* Dataset excerpts
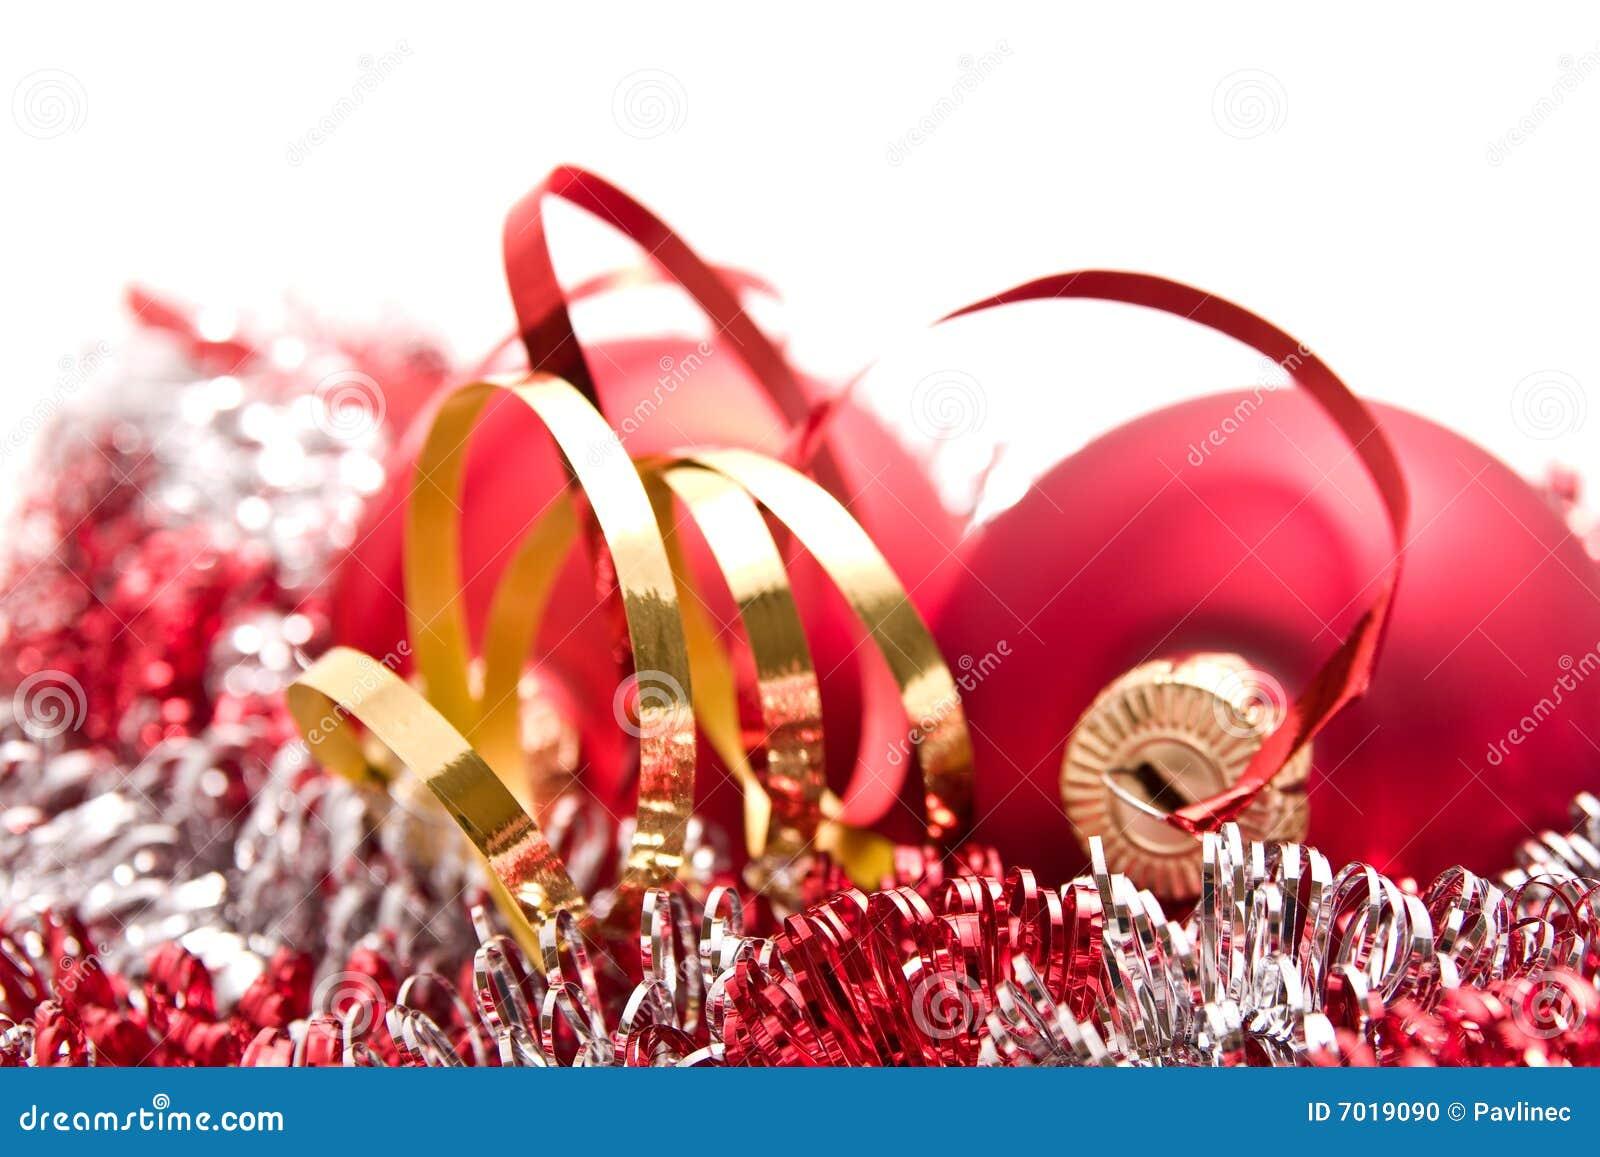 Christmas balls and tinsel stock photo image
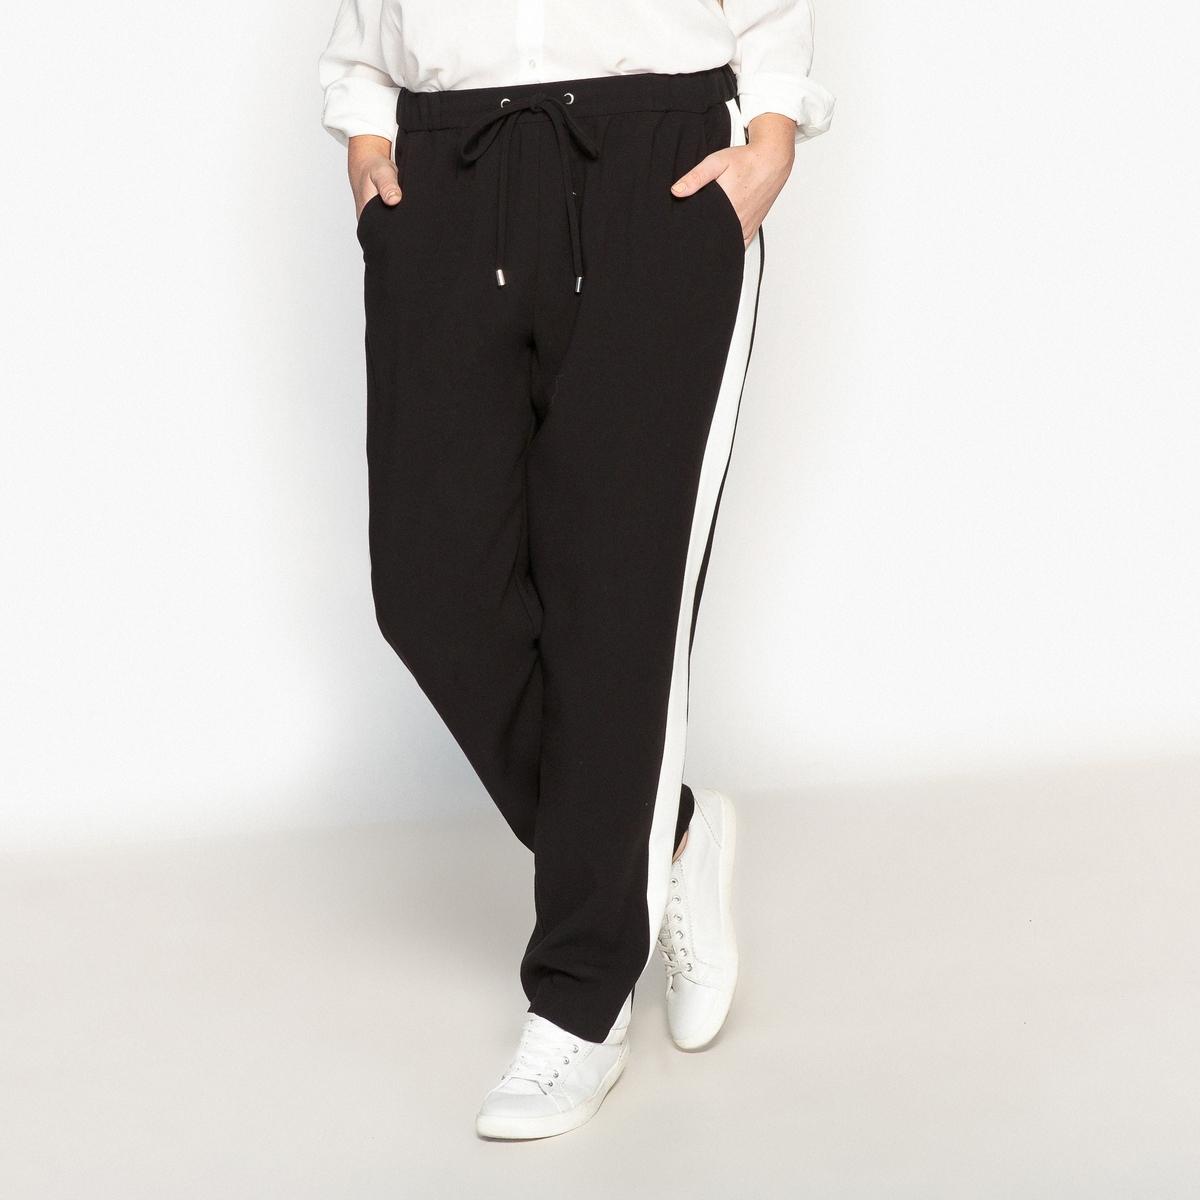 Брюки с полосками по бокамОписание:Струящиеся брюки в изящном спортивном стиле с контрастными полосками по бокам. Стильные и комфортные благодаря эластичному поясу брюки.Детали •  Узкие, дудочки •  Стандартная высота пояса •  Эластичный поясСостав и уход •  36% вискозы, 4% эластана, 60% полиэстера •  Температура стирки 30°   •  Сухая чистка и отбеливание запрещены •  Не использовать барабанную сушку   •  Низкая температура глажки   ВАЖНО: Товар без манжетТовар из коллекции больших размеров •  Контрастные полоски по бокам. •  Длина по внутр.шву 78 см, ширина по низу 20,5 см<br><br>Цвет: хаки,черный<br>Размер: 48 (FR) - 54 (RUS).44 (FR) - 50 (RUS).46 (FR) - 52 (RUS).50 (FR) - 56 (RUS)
...
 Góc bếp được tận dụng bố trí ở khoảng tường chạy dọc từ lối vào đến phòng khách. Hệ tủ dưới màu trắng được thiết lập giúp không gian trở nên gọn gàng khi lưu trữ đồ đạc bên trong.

* Description of the task
Only the lines above from the one containing "Christmas balls and tinsel stock photo image" through the one containing "Брюки с полосками" should be returned, verbatim and inclusive, with pictures excluded.

* Response
 Christmas balls and tinsel stock photo image
 Брюки с полосками по бокамОписание:Струящиеся брюки в изящном спортивном стиле с контрастными полосками по бокам. Стильные и комфортные благодаря эластичному поясу брюки.Детали •  Узкие, дудочки •  Стандартная высота пояса •  Эластичный поясСостав и уход •  36% вискозы, 4% эластана, 60% полиэстера •  Температура стирки 30°   •  Сухая чистка и отбеливание запрещены •  Не использовать барабанную сушку   •  Низкая температура глажки   ВАЖНО: Товар без манжетТовар из коллекции больших размеров •  Контрастные полоски по бокам. •  Длина по внутр.шву 78 см, ширина по низу 20,5 см<br><br>Цвет: хаки,черный<br>Размер: 48 (FR) - 54 (RUS).44 (FR) - 50 (RUS).46 (FR) - 52 (RUS).50 (FR) - 56 (RUS)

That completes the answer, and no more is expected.